Für die Bestimmung des Binodals werden Ergebnisse für \({\mu }_{{{{{{\rm{ex}}}}}}}\) über einen Temperaturbereich benötigt. Anstatt die obigen FMAPμ-Berechnungen bei verschiedenen Temperaturen zu wiederholen, haben wir die Wechselwirkungsenergien einmal bei 298 K berechnet und dann lediglich \(\beta\) geändert, als wir die Summe über die Boltzmann-Faktoren durchgeführt haben (Gl. [8]). Bei dieser Abkürzung wird davon ausgegangen, dass die Wechselwirkungsenergiefunktion temperaturunabhängig ist und dass dieselben BD-Konfigurationen für FMAPμ-Berechnungen bei unterschiedlichen Temperaturen verwendet werden können.

Wir haben die einzelnen Wechselwirkungsenergien, die insgesamt bis zu 1,6 × 1014 betragen können, nicht gespeichert, sondern sie in einem Histogramm in sehr feine Klassen eingeteilt (Breite \(\Delta\) bei 0,016 kcal/mol). Wir haben alle Konfigurationen mit Wechselwirkungsenergien unter −8 kcal/mol für die weitere Analyse gespeichert. Die Rohsumme in Gl. [8] kann nun ausgedrückt werden als

wobei \(H(U)\) die Anzahl der Wechselwirkungsenergien im bei \(U\) zentrierten Behälter ist; und \({U}_{{{\min }}}\) und \({U}_{{{\max }}}\) sind jeweils die minimale und maximale Wechselwirkungsenergie. Beachten Sie, dass der Boltzmann-Faktor \({e}^{-\beta U}\) eine abnehmende Funktion von \(U\) ist, während \(H(U)\) voraussichtlich eine wachsende Funktion von \(U\) ist ), wenn \(U\) von \({U}_{{{\min }}}\ ansteigt. Abhängig davon, ob die Zerfallsrate niedriger oder höher als die Wachstumsrate ist, ist das Produkt \(H(U){e}^{-\beta U}\) entweder eine wachsende oder eine abfallende Funktion von \(U \). Die Zerfallsgeschwindigkeit von \({e}^{-\beta U}\) hängt von der Temperatur ab. Für hohe Temperaturen ist \(H(U){e}^{-\beta U}\) eine wachsende Funktion von \(U\); daher tragen seine Werte bei \(U\) in der Nähe von \({U}_{{{\min }}}\) wenig zur Summe in Gleichung bei. [10] und die Ungenauigkeit in \(H(U)\) in der Nähe von \({U}_{{{\min }}}\) verursacht keine schwerwiegenden numerischen Fehler in \({\mu }_{{{{ {{\rm{ex}}}}}}}\). Bei niedrigen Temperaturen ist \(H(U){e}^{-\beta U}\) jedoch eine zerfallende Funktion von \(U\); dann kann diese Ungenauigkeit in \(H(U)\) zu erheblichen Unsicherheiten in \({\mu }_{{{{{{\rm{ex}}}}}}}\ führen, wie das Ergebnis zeigt für γB bei 277 mg/ml und –2 °C (Abb. 2b).
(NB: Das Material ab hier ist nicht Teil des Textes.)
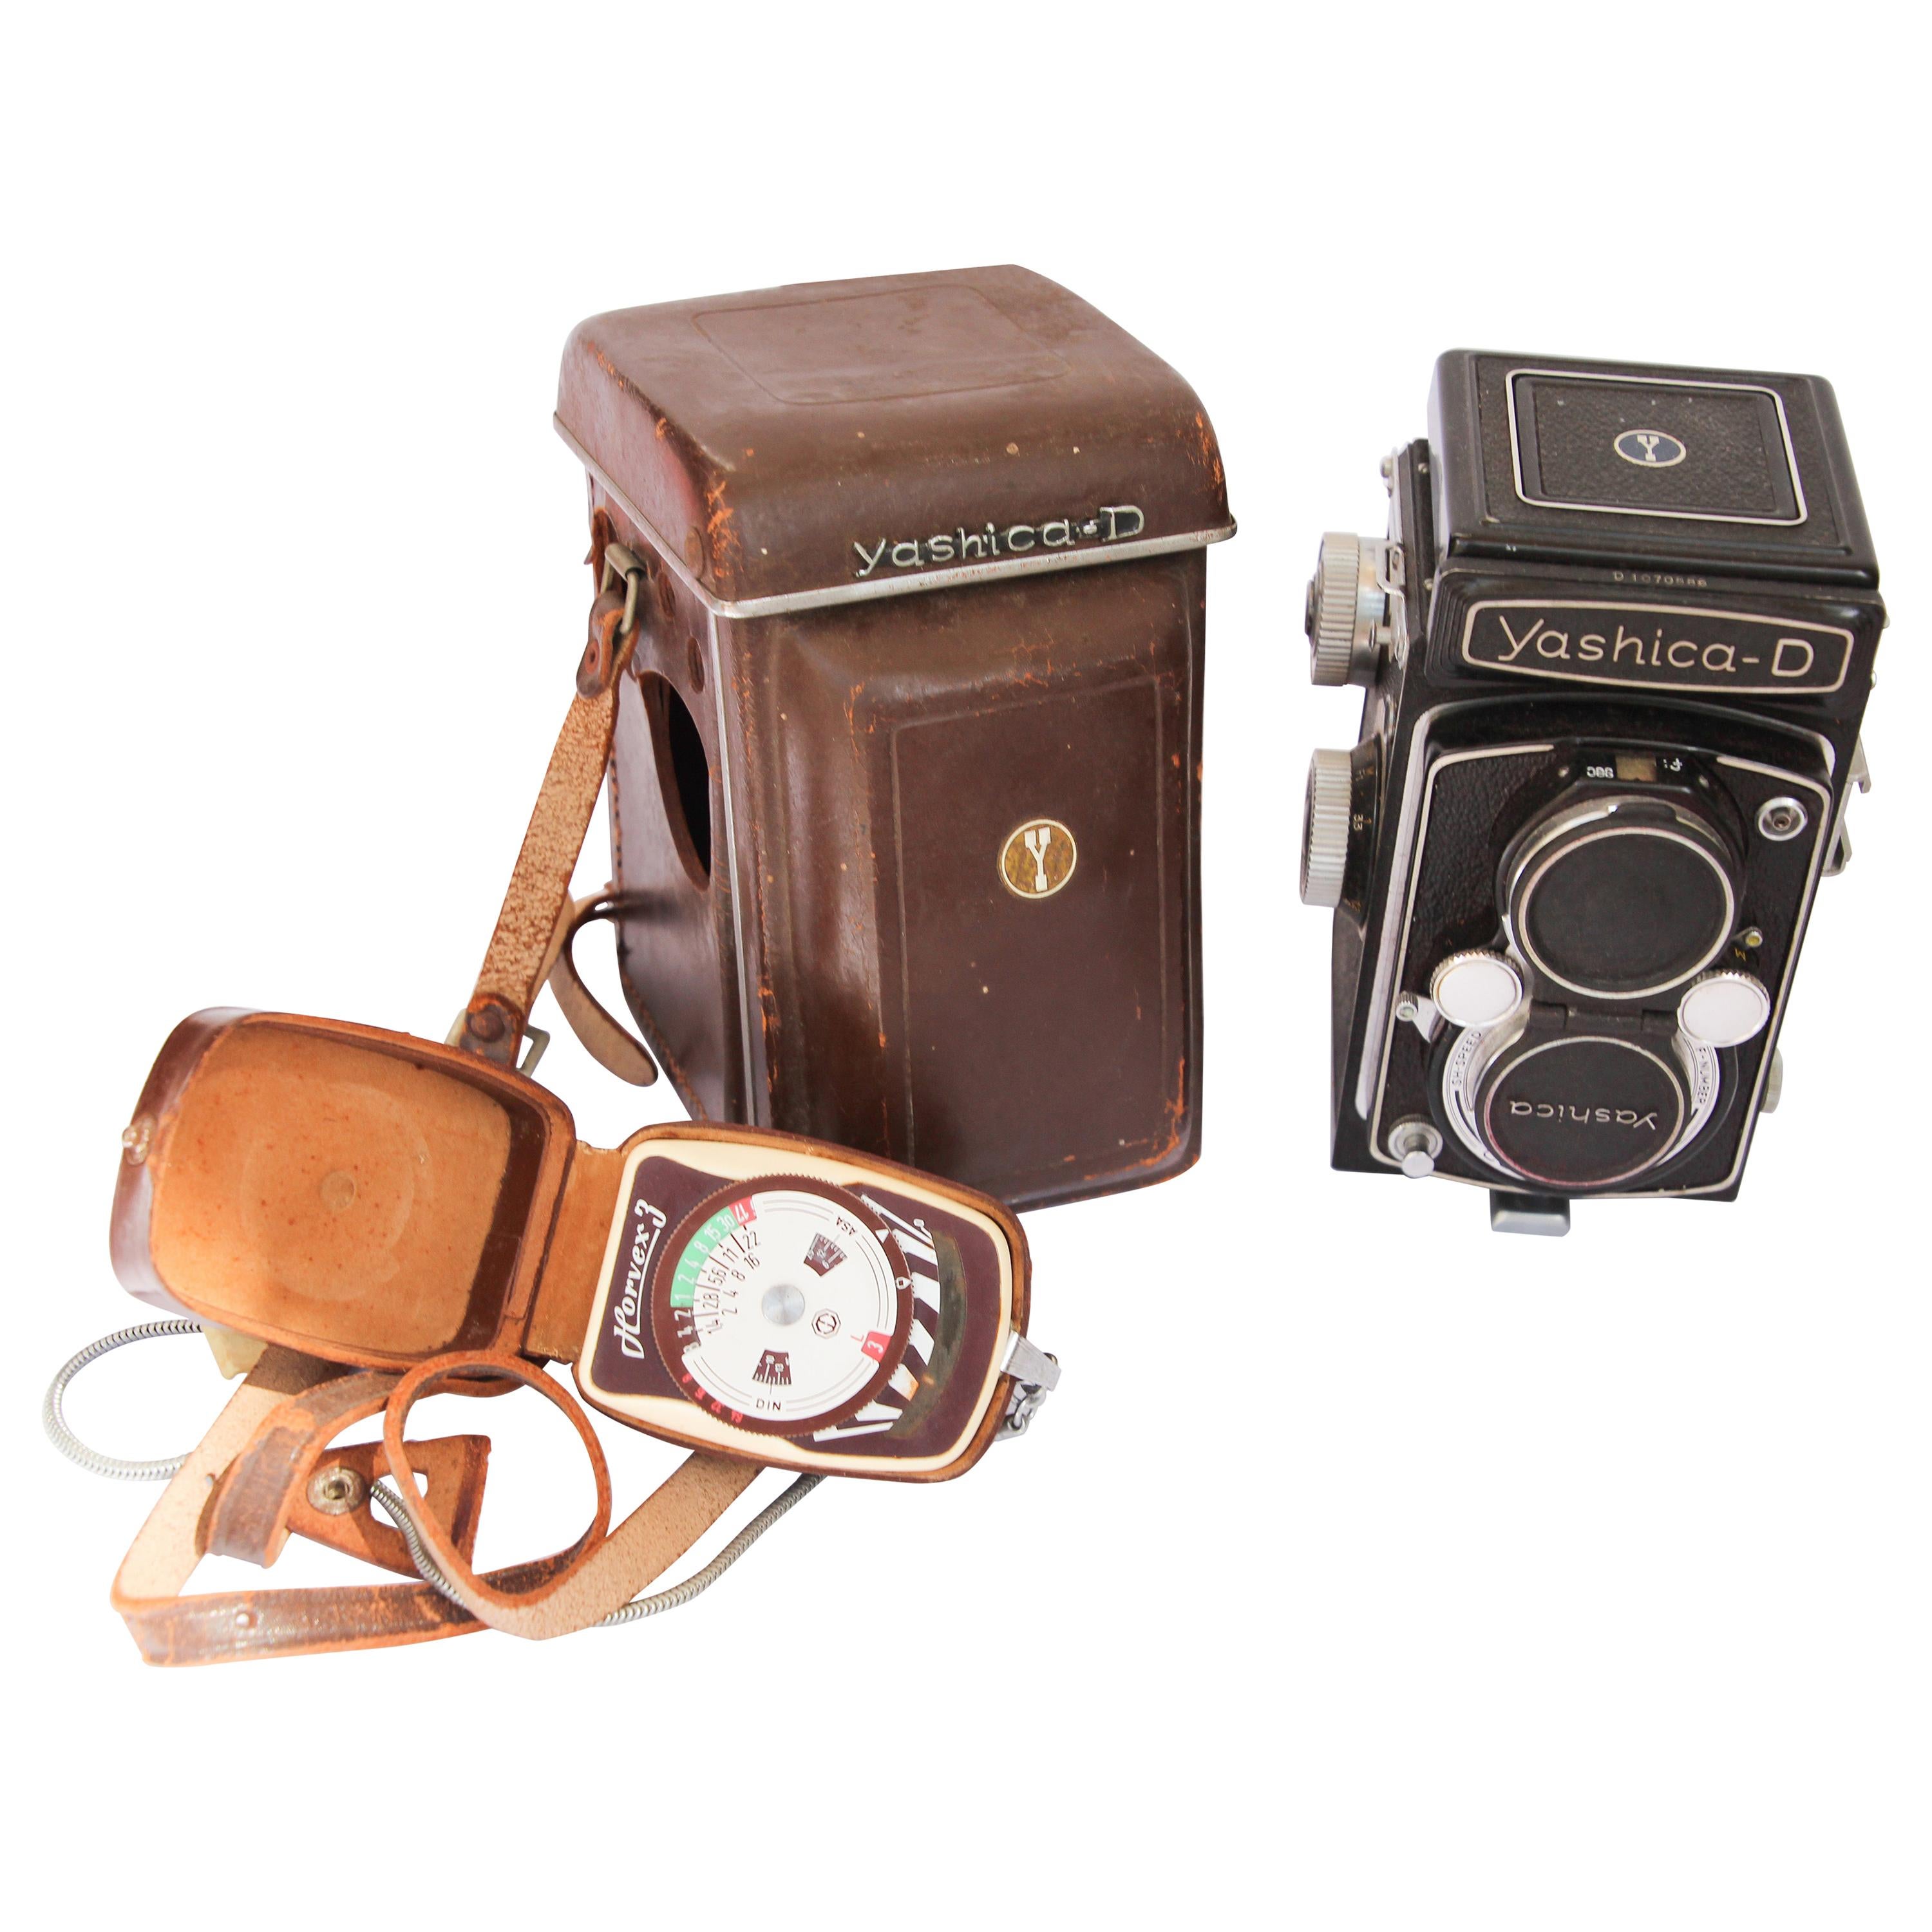 Yashica-D Camera with Case and Accessories, circa 1958

Wir haben nicht nur die gesamten Wechselwirkungsenergien, sondern auch die einzelnen Terme (z. B. unpolare Anziehung und Elektrostatik) in Histogrammform gespeichert. Mithilfe dieser Daten konnten wir schnell chemische Potentiale und andere Ergebnisse erstellen, wenn wir die Werte der Skalierungsfaktoren \({s}_{1}\) und \({s}_{2}\) änderten.

Um die oben genannten Unsicherheiten in \({\mu }_{{{{{\rm{ex}}}}}}}\ zu mildern, haben wir \(H(U)\) im Bereich niedriger Wechselwirkungsenergie modelliert. Wir haben beobachtet, dass die (nicht normalisierte) kumulative Verteilungsfunktion (CDF)

hat eine exponentielle Abhängigkeit von der Wechselwirkungsenergie (z. B. ergänzende Abb. 5a, b)

für über 10 Größenordnungen, was nahezu den gesamten negativen Bereich von \(U\) abdeckt. Die Werte von \(\alpha\) reichen von 2,1 bis 1,5 (mit zunehmender Proteinkonzentration abnehmend), vergleichbar mit dem Wert von 1,7 von \(\beta\) bei 298 K. Dementsprechend hat die Histogrammfunktion die Form

Eine variable Veränderung

verwandelt \(H\left(U\right)\) in eine Potenzgesetzverteilung:

Wo

ist die Obergrenze von \(x\) in der Potenzgesetzverteilung.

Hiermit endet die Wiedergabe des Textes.